To anyone who thinks, however, the moral turpitude behind these kinds of denials and disavowals is obvious. In the 1940s, Dorothy Thompson pointed out that “going Nazi” had more to do with being a certain type of person—a person with certain moral defects, with a certain type of bad character—than with race, ethnicity, or social background. After all, there were poor and rich Nazis; there were even Jewish and gay Nazis. Echoing Thompson, a recent commentator made the same suggestion about people who “go Trump.” After all, there are Trump supporters of every kind, even Latinx and Black ones. Some of them are explicit (or crypto-)racists or fascists. But the fact of the matter is, as I have already said, that in the 21st Century, you no longer have to be a Nazi to be a Nazi. As Umberto Eco pointed out, fascism can take on quite different, even unexpected forms. Many people who support Trump seem sincerely to think that they’re not at all racist, and some of them really would have no issue engaging socially or cooperatively with a person of color in unstructured interpersonal contexts. Their actions produce a dynamic that is independent of whatever is in their heads or hearts. Neo-fascism, in our time, has surpassed itself into a kind of “post”-fascism; it is now possible to “play Nazi” without being explicitly committed to a fascist ideology—all the while contributing to the Nazification of national life and politics that is allowing, for instance, the concentration camps we call “Detention Centers” to exist at the borders of this country.

A few years ago, I should now disclose, I saw Iceage perform live. I caught them at the Nordic Museum in Seattle. The crowd was typical for any indie-underground postpunk show: hipsters, queer folks, goth types. Even at this time, I was aware of the rumors surrounding the band—part of the reason I’d decided to attend was to see both what they were about and who would show up. I wondered if any of the people in attendance, in this prototypically “left”-leaning demographic, in the stereotypically “liberal” city of Seattle, had considered what it looked like that the museum, whose name—to anyone with any sense of history—sounds an awful lot like “The White Pride Museum,” (formerly their name was “NordicHeritage Museum”), were hosting a band that symbolically associated itself with Nazism.

Near the end of the show, I saw a guy sieg heil. He was—we shouldn’t be surprised—a Brown guy; tall, wearing a military-fitted cap and jacket. No one else seemed to notice. I pointed it out to a concert buddy. He shrugged. 

Of course, it’s always possible the guy was simply raising his hand in praise; it’s always possible I misperceived things. But that’s just it. Whether it was a sieg heil or not, whether the Nordic Heritage Museum is a White Pride Museum or not, whether Iceage are neo-Nazis or not—none of this ultimately is required for these things to be reproducing racist effects. What cases like this show, is that across all spheres of life, an as yet invisible tendency is taking shape, working “through” even those people who, like Iceage, if they are to be believed, “are left-wing.” The hand moves forward: objects move without being touched. It’s like such people have been body-snatched, but remain unaware of what they’ve become—or, perhaps, of what they always were, to quote James Baldwin: moral monsters.

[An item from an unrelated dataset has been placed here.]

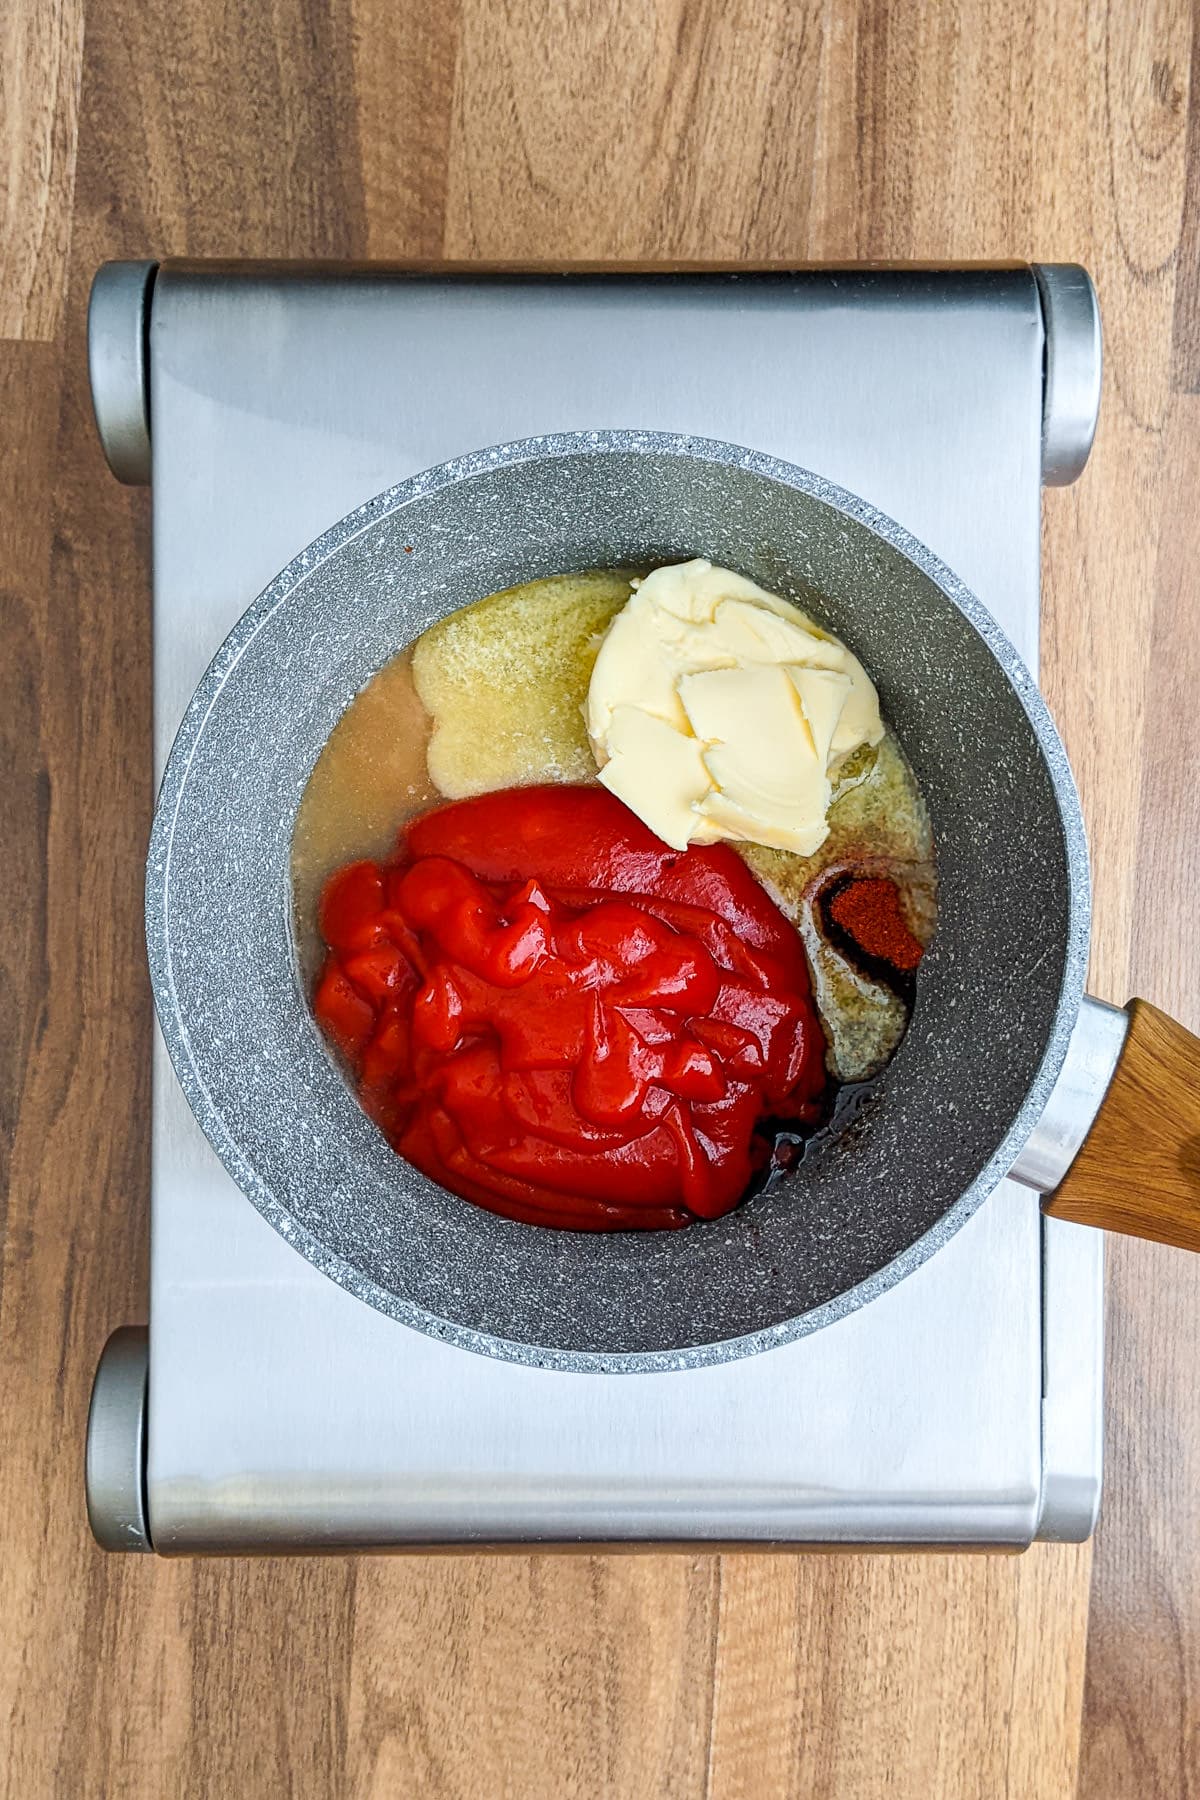 Sauce pan with chili sauce, melted butter and paprika.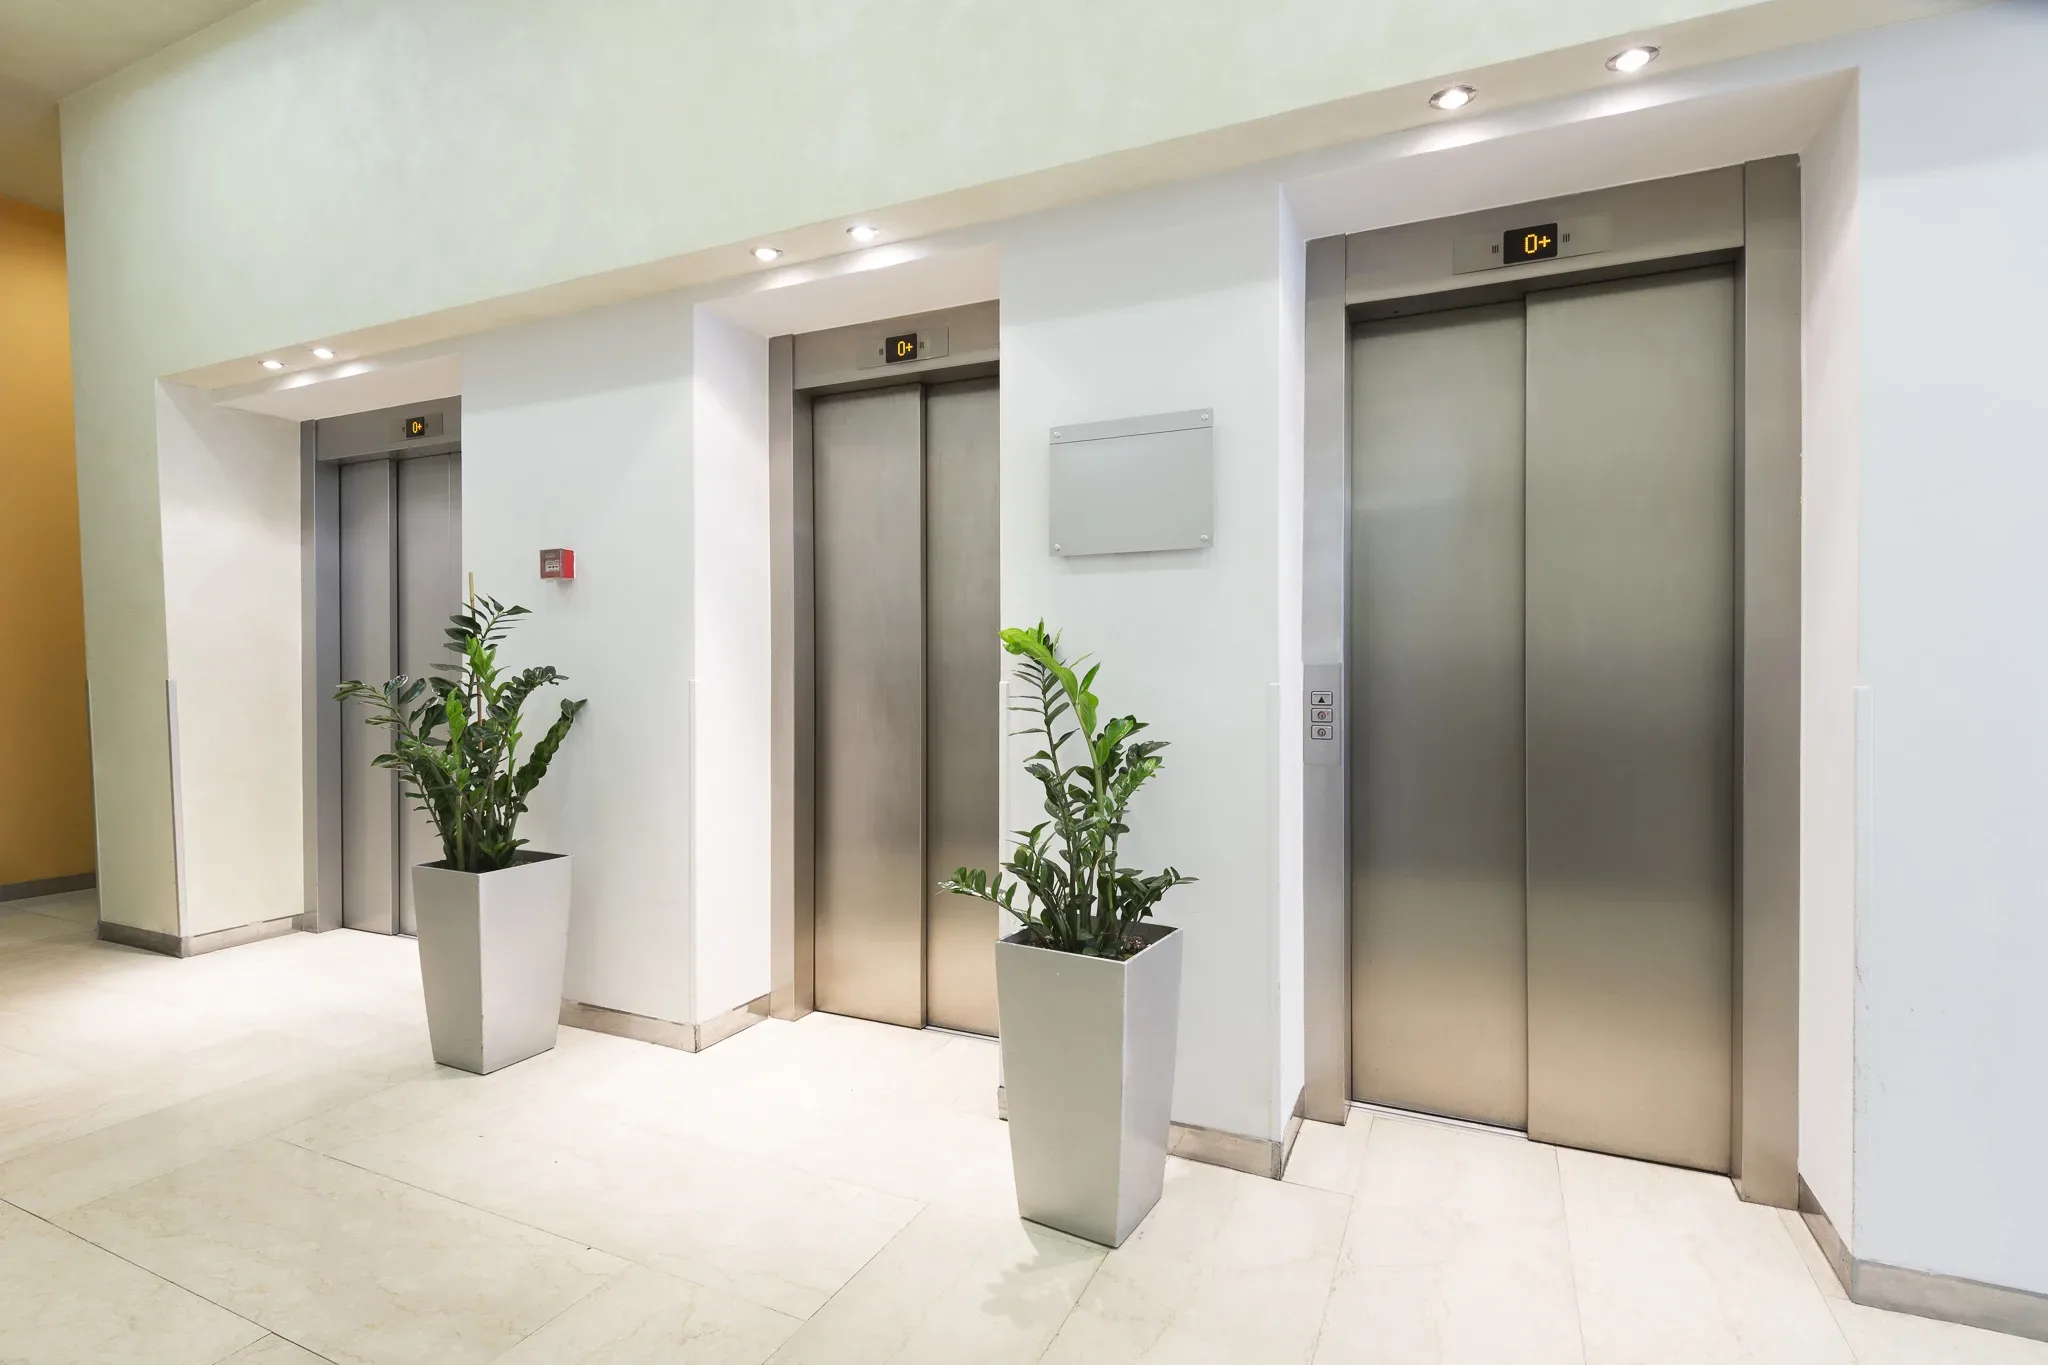 A group of elevators in an office building.

This “new” racism is still crystallizing, and will perhaps in time become something much worse. In the meantime, I say to those willing, as another commentator put it, “to overlook the worst in something in order to enjoy it,” what Aimé Césaire said to Europe of their relationship to Nazism: “without being aware of it, [European man] has a Hitler inside him, Hitler inhabits him, Hitler is his demon.” In the 21st century, it is you who “goes Nazi.”